For Release Sunday, October 6, 2013
© 2013 Washington Post Writers Group

Thirty-eight years ago I began a newspaper column focused on the states and cities of America.

The first of the weekly articles appeared in February 1975. Next week, close to 1,900 columns later, I’ll write the last.

A new project awaits me (more about that below). But it’s also time for a change. The journalistic world of 1975 was markedly different from today’s. Newspapers were in their heyday, featuring scores of columns on every topic from national politics to advice for the lovelorn.

But no national column had ever focused on America’s 50 states and their cities, analyzing the issues, the politics, the conditions they faced.

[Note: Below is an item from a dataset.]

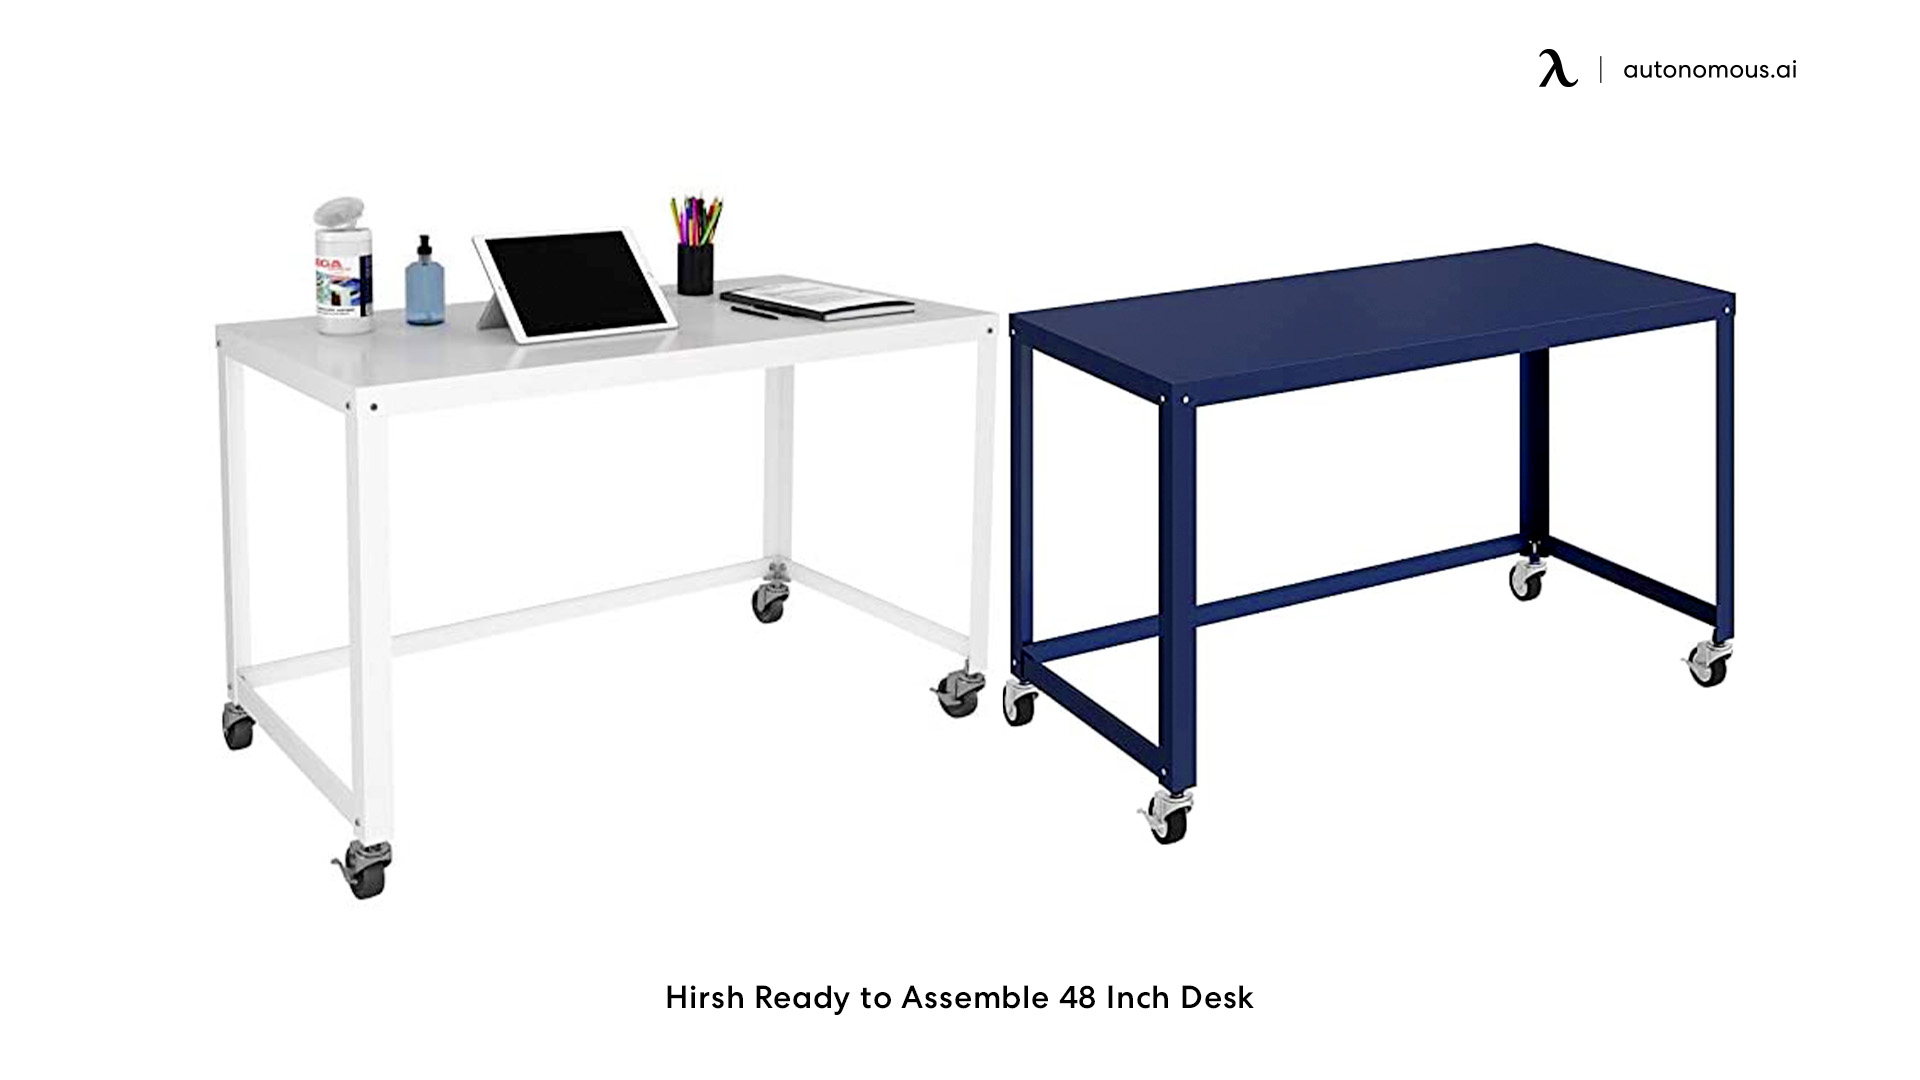 Hirsh Ready to Assemble 48 Inch Desk
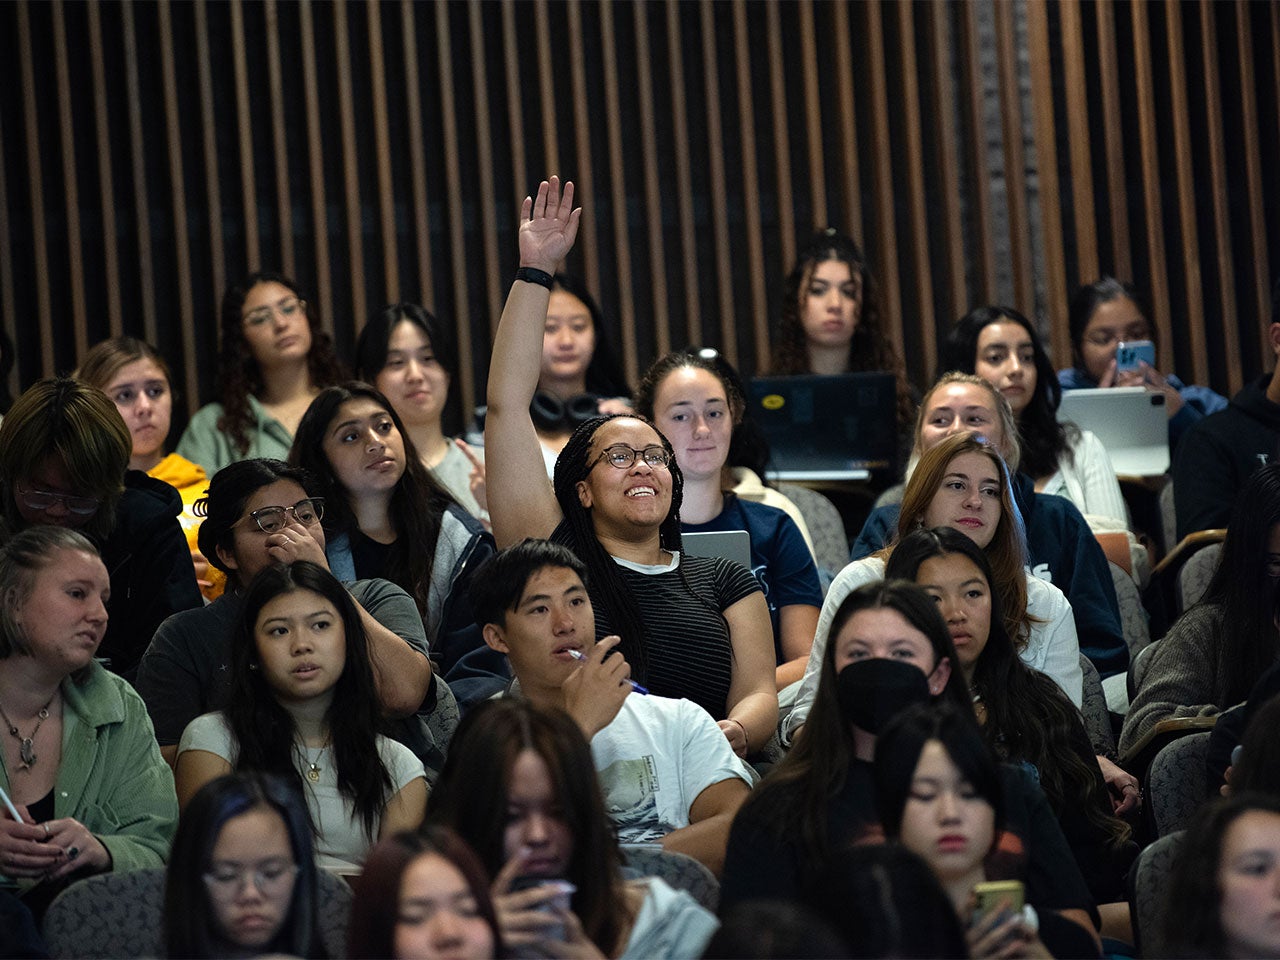 A UC Davis student raises their hand during a class session.

I decided the timing was right. I had just traveled to all 50 states, interviewing in each the governors, mayors, industrialists, labor leaders, citizen activists and more in preparation for a book series that concluded with The Book of America: Inside Fifty States Today. Everywhere I had asked: What makes this state or city distinctive? What’s the politics like, the tone and temper of public life, the economy, culture, living conditions?

But even if I was convinced the time was ripe for a column focused on state-local issues, the syndicates were skeptical. So I stepped out on the plank and took a gamble. I wrote to the editors I had met across the country, promising a column a week and asking for a check for any they printed. My kids grumbled but agreed to collate, staple, fold, stuff envelopes, attach address stickers and stamps.